Jewel Topsfield – They are clearing a marketplace in Meureudu which was flattened by the earthquake that struck Aceh on Wednesday morning.
Villager Taufik Hidayat, who has been volunteering at the site since just after the quake struck at 5.03am, has seen far worse. "I wasn't scared. I was there to help. I carried his body," says Mr Taufik, sweating under his beanie.
A wedding was supposed to be held at this market on Thursday. Instead drones buzz overhead as police, military, search-and-rescue personnel and villagers sift through the devastation.
More than 15 people have been found dead here alone. A stallholder tells us he is trying to find his stuff – he salvages his mobile phone and several bottles of orange water from the rubbish. He opens one and drinks from it. Police recover a giant stuffed panda.
Meureudu is the capital of Pidie Jaya, the regency that bore the brunt of the 6.5-magnitude earthquake. As of Thursday morning the death toll was 102, according to Indonesia's National Disaster Management Agency. Ninety-nine of those killed were in Pidie Jaya.
"We cannot say how many are still trapped under debris. But we believe the death toll will still rise," the National Disaster Management Agency's Sutopo Purwo Nugroho says.
Detectors that pick up mobile phone signals are being used to try to locate those buried alive.
"That's why we have to work quickly within seven days because it is a golden time when we believe people are still alive," Mr Sutopo says. They have been used before in Indonesia when landslides have buried people in mud.
Another 250 people in Aceh are wounded after the earthquake, many severely, and more than 3000 have taken refuge. More than 420 houses, 14 mosques and a hospital were destroyed.
There were 36 aftershocks and many people are too afraid to return to their homes. Another quake occurred on Wednesday night in Aceh Besar regency with an initial magnitude of five, later revised to four. There were no casualties from that quake.
Thirteen shelters for displaced people have been established in Pidie Jaya and Bireuen regencies.
There is an urgent need for supplies. What is needed most now is clothes, food, drugs and nappies, according to Rudy Padmanto, the National Disaster Management Agency's director of logistics. Orthopaedic experts are also required because many people have broken bones. "We also need more excavators to clean up the debris," he says.
Aceh has declared a state of emergency until December 20. An astonishing 148.4 million Indonesians live in earthquake-prone areas.
"In Pidie Jaya many people died because the buildings are not earthquake-resistant," Mr Sutopo said. "The earthquake in Pidie Jaya reminds us of the importance of mitigation efforts." "We cannot say when an earthquake will happen but we have a map of these areas."
In the village Ulee Gle, a two-storey religious education and cultural centre resembles a shipwreck.
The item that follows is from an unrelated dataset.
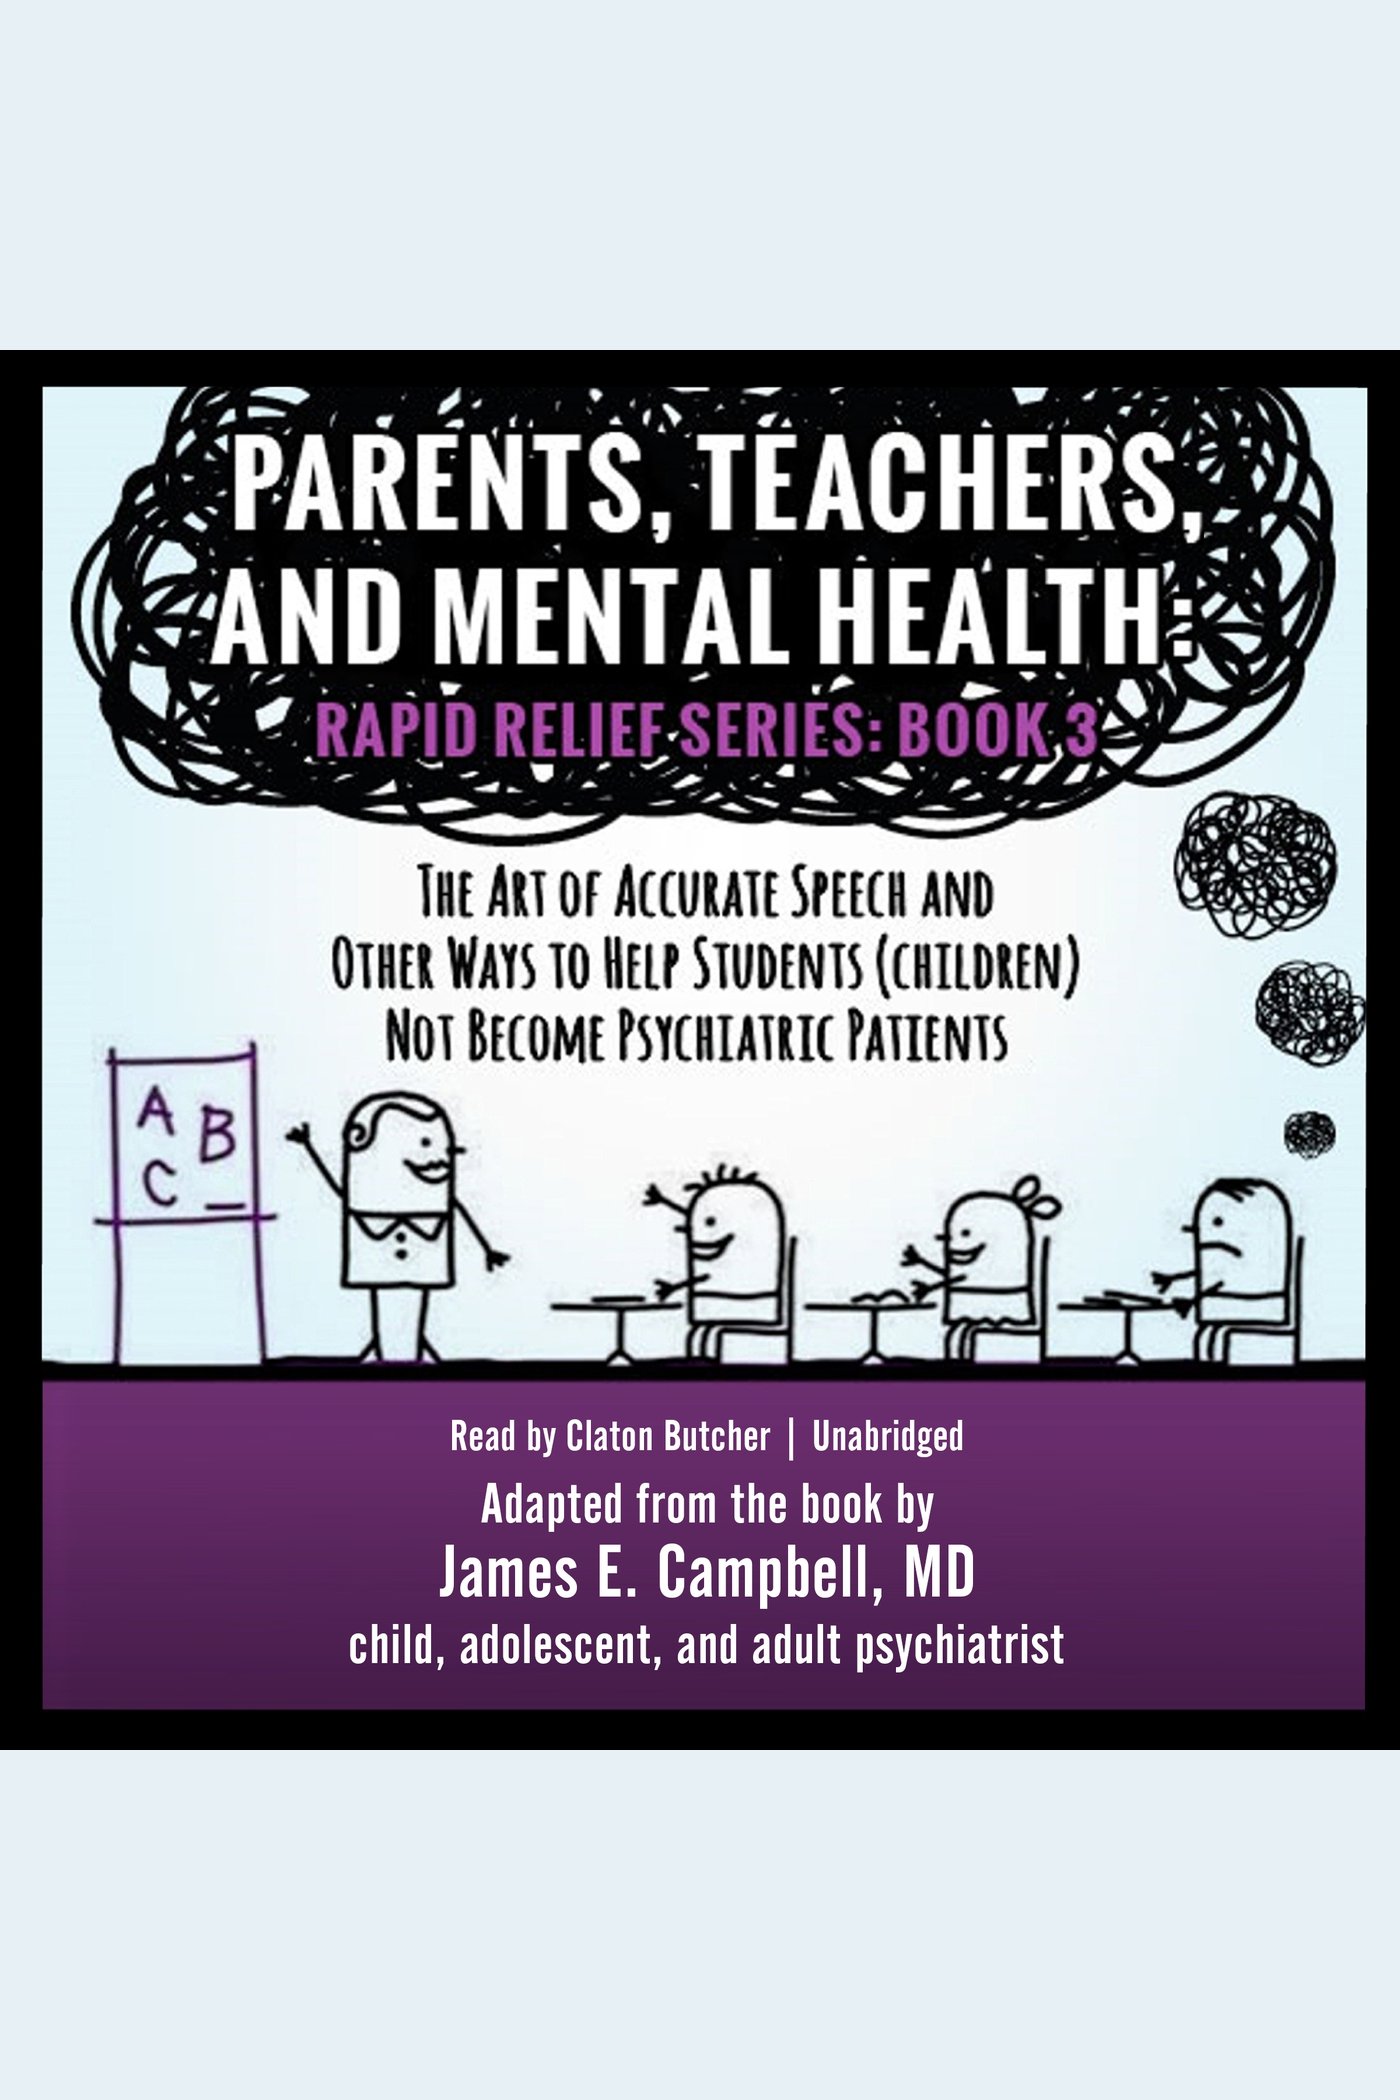 Parents, Teachers, and Mental Health The Art of Accurate Speech and Other Ways to Help Students (Children) Not Become Psychiatric Patients cover image

Its caretaker Abdul Hanan tells us he was reading the Koran, waiting to sound the call to prayer when the earthquake hit. "I tried to stand up twice but I fell over both times," he says.
"I crawled to the stairs (outside the building)." It was only then that the centre, which the villagers had saved for years to build, collapsed. Abdul Hanan has no doubt God saved him.
The road in Meureudu is riven with massive cracks, into which people have poked red warning flags and foliage. A table with an incongruously cheerful floral tablecloth is in the middle of the road to warn traffic.
In the village of Trienggadeng, Faisal Marwan still appears stunned. He sits on a plastic chair, a makeshift bandage around his knee, on the side of the road.
Mr Faisal was up with his sick nine-month-old son when the quake struck. He tried to reach the door but the quake kept slamming him against the walls. Eventually he jumped from his second floor home, damaging his knee.
His neighbours were not so lucky. He shows us a photo of Syahrul Gunawan, who had started at the neighbouring roadside food stall two days ago. The photo shows him trapped under the building.
He is still alive in the photo but his abdomen was crushed and he died in hospital. On the other side of his home a couple and their son died. "The family that died were like parents to me, I had known them for so long," Mr Faisal says.
Save the Children, speaking through its local partner Yayasan Sayangi Tunas Cilik (YSTC), said it had significant concerns for the physical and psychological well-being of children affected by the Sumatra earthquake.
"Children will be experiencing a community that is grappling with fear and uncertainty after having its life uprooted," said YSTC's humanitarian manager, Ronald Sianipar.
"We must also be aware of the psychological impact these events can cause. Aceh is still living with the trauma of the 2004 [Boxing Day] tsunami and yesterday's earthquake will trigger strong and possibly dark memories among survivors of that event."
The National Disaster Management Agency will send tents, generators, food, body bags and folding beds worth 3.5 billion rupiah ($350,000). Mr Sutopo said Indonesia had not asked for international assistance because its own resources were sufficient.